Let me ground this in a concrete case. I recently tracked the footprint of a Chinese semiconductor startup that uses blockchain to timestamp every sensor reading from its robotic arms. They’re building a "digital twin" dataset that can be sold as NFTs to other manufacturers. This is where Physical AI and crypto converge: the data itself becomes a financial asset. The world models of tomorrow will depend on millions of hours of physical interaction data—data that individuals and small companies can generate and tokenize. The smart contract is not just for DeFi; it’s for proving the authenticity of a force-torque recording. I believe this will spark a new wave of micro-liquidity pools for real-world machine data.
Riding the peak of the ape mania wave taught me that cultural narratives move faster than code. Today, the narrative is "Physical AI is the new frontier." But the code—the actual safety, latency, and cost challenges—remains unsolved. The contrarian play is to look at the bottlenecks: simulation speed, data labeling cost, and regulatory vacuum. Blockchain can address each, but only if tokenomics align with hardware constraints. Consider a project like Render Network pivoting from GPU rendering to physics simulation tasks—that’s a natural fit. Or Hivemapper expanding from street-level imagery to 3D spatial data for world models. These are the footprints I’m tracing.

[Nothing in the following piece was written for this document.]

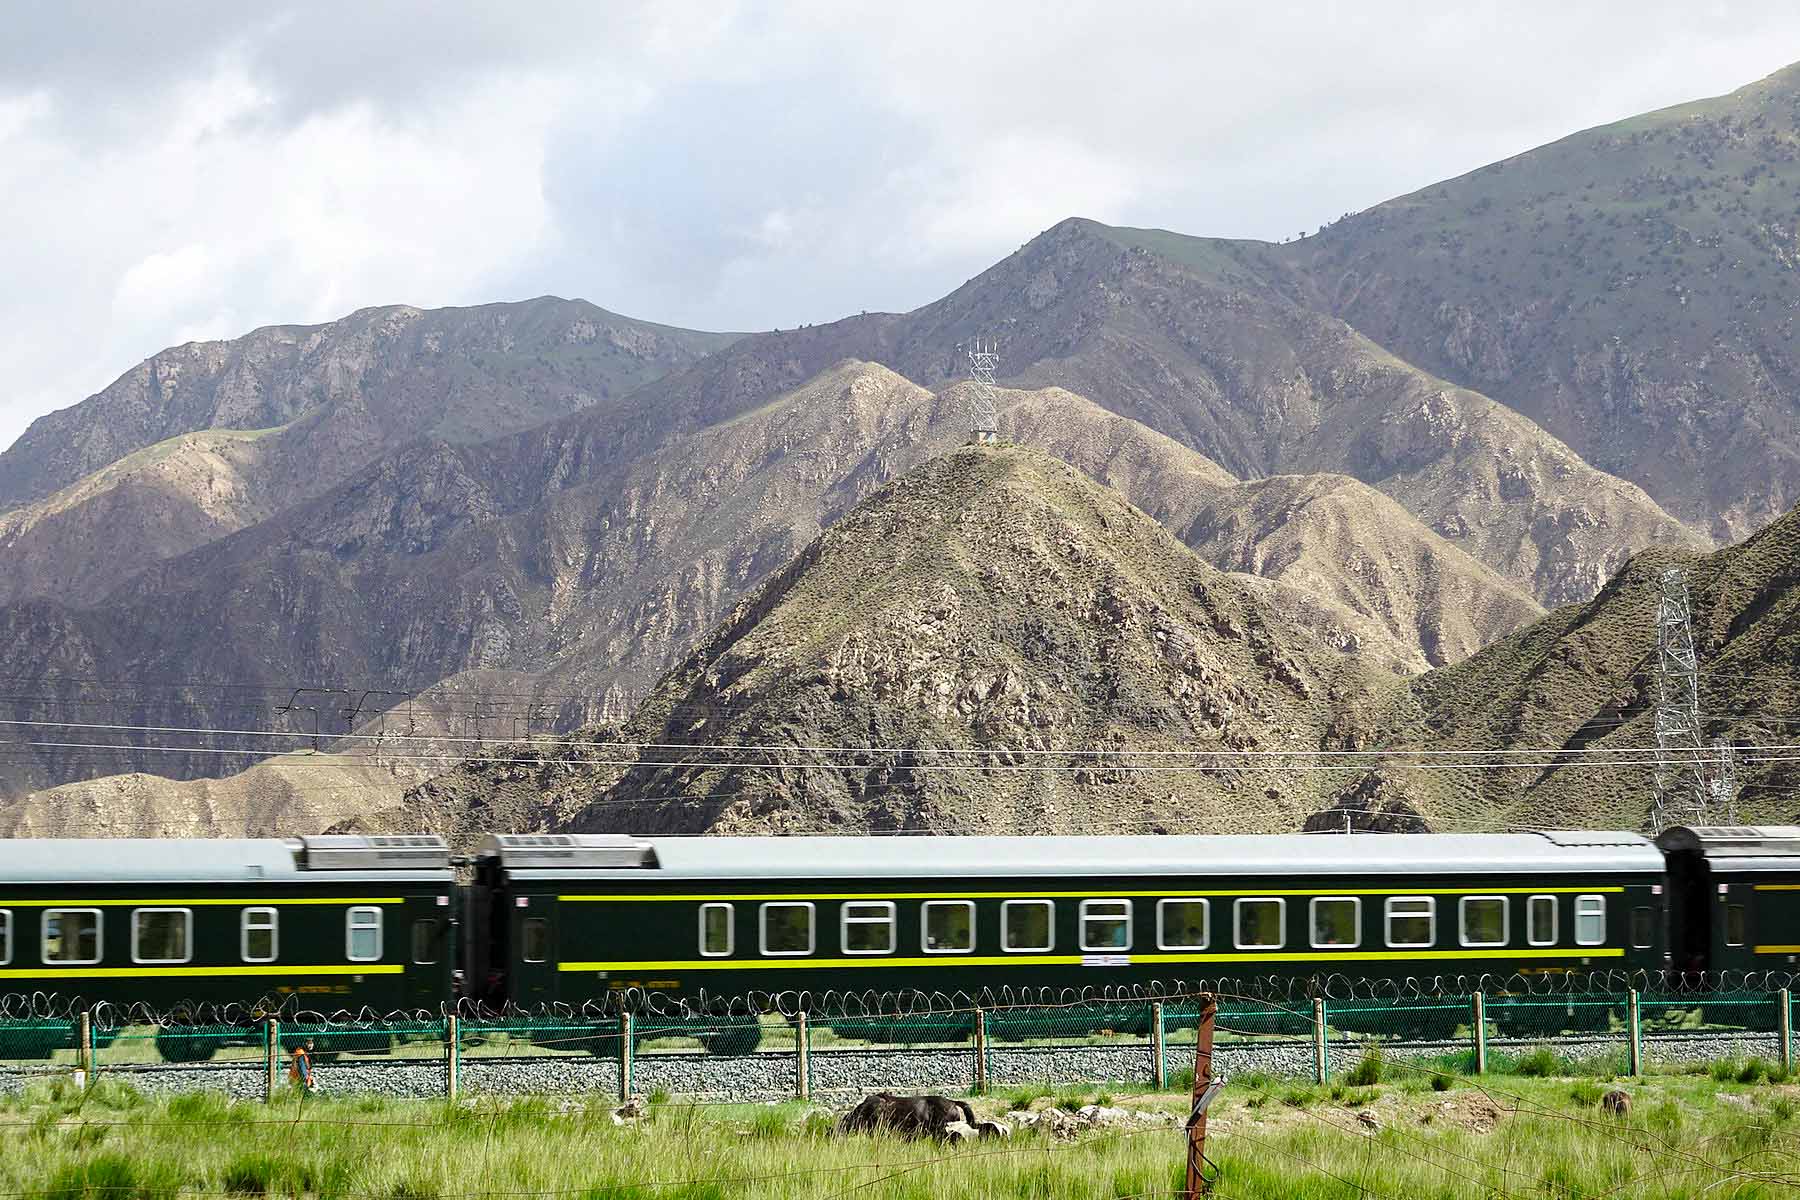 青藏铁路图片

Where liquidity meets the human story, I see a fork. One path leads to simple VC hype and eventual crashes—we’ve seen it in 2017 ICOs and 2021 NFT manias. The other path leads to a symbiotic stack where Physical AI models are trained on decentralized, verifiable data sets, and the output (robots, digital twins) are then monitored by DAOs. I wrote about this in 2025 when AI agents started manipulating price discovery; now those agents are getting bodies. The question isn’t if, but when a Chinese robot factory tokenizes its uptime as a yield-bearing asset.

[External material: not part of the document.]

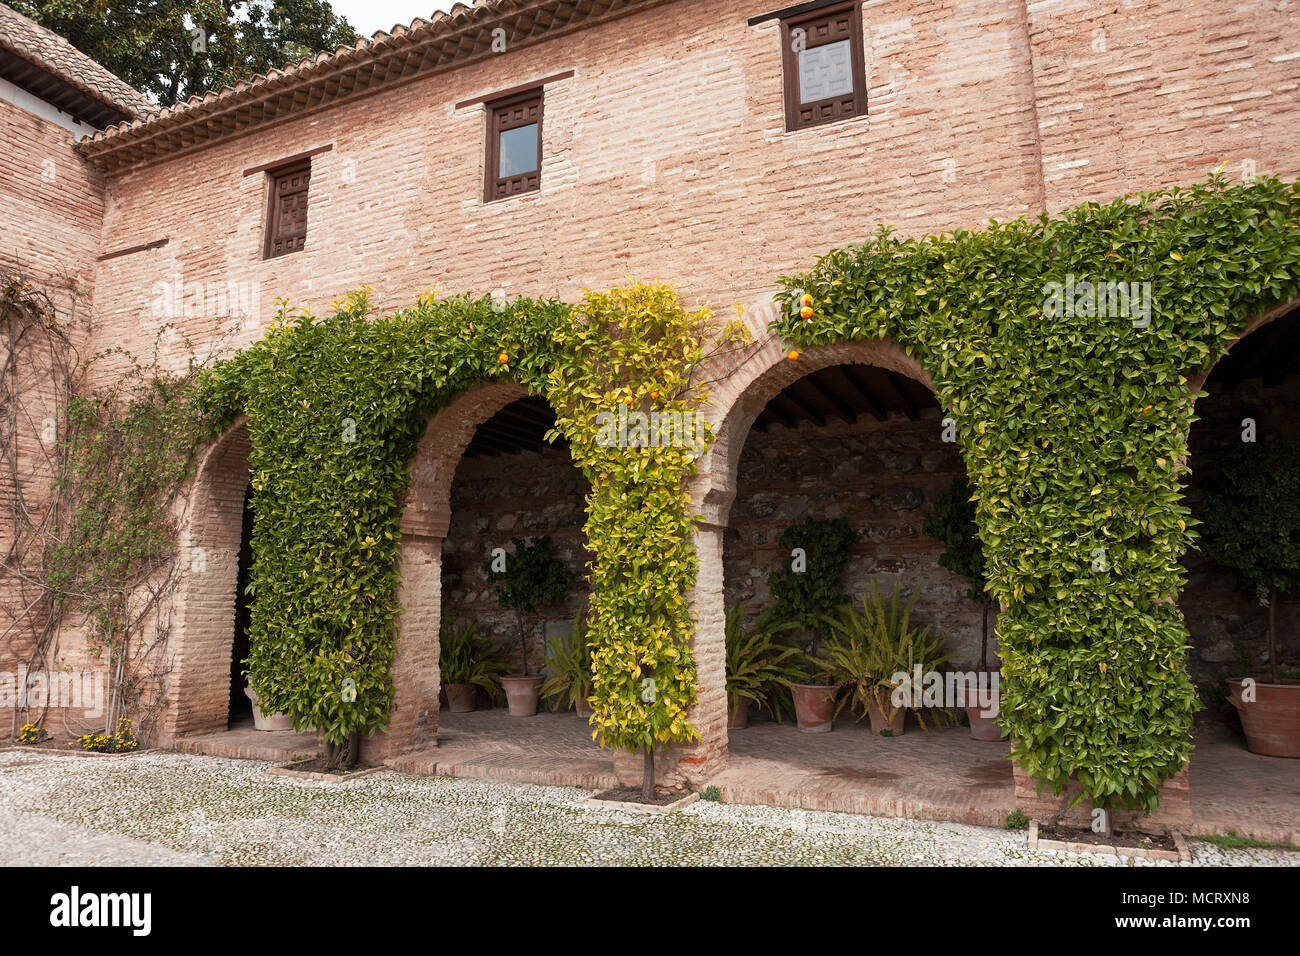 Casa de los Amigos, part of the Palacio del Generalife, La Alhambra, Granada, Andalusia, Spain Stock Photo

Serenity’s post is a bellwether. It tells us Chinese VCs are running from the commodity race—LLMs—and into a hard-tech gamble. For crypto native readers, the takeaway is not to ape into any Physical AI token that appears next week. Instead, watch the data layer protocols. The first to demonstrate a live world model simulator running on top of a decentralized compute network with verifiable outputs will be the Uniswap of this era. The ledger remembers what the hype forgets, and this hype cycle will remember those who built the pipes before the robots arrived.

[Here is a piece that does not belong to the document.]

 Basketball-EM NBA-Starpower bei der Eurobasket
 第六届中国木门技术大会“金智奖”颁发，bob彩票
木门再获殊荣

So here’s my forward-looking judgment: In the next six months, we’ll see a surge in tokenized physical data marketplaces targeting Chinese robotics companies. If you’re positioned on the infrastructure that supports synthetic data generation—not the hype coins—you’ll ride the real wave. The ghost of Ethereum’s 2017 time-lock was about speed over safety; the ghost of Physical AI will be about data veracity over narrative. Don’t be late.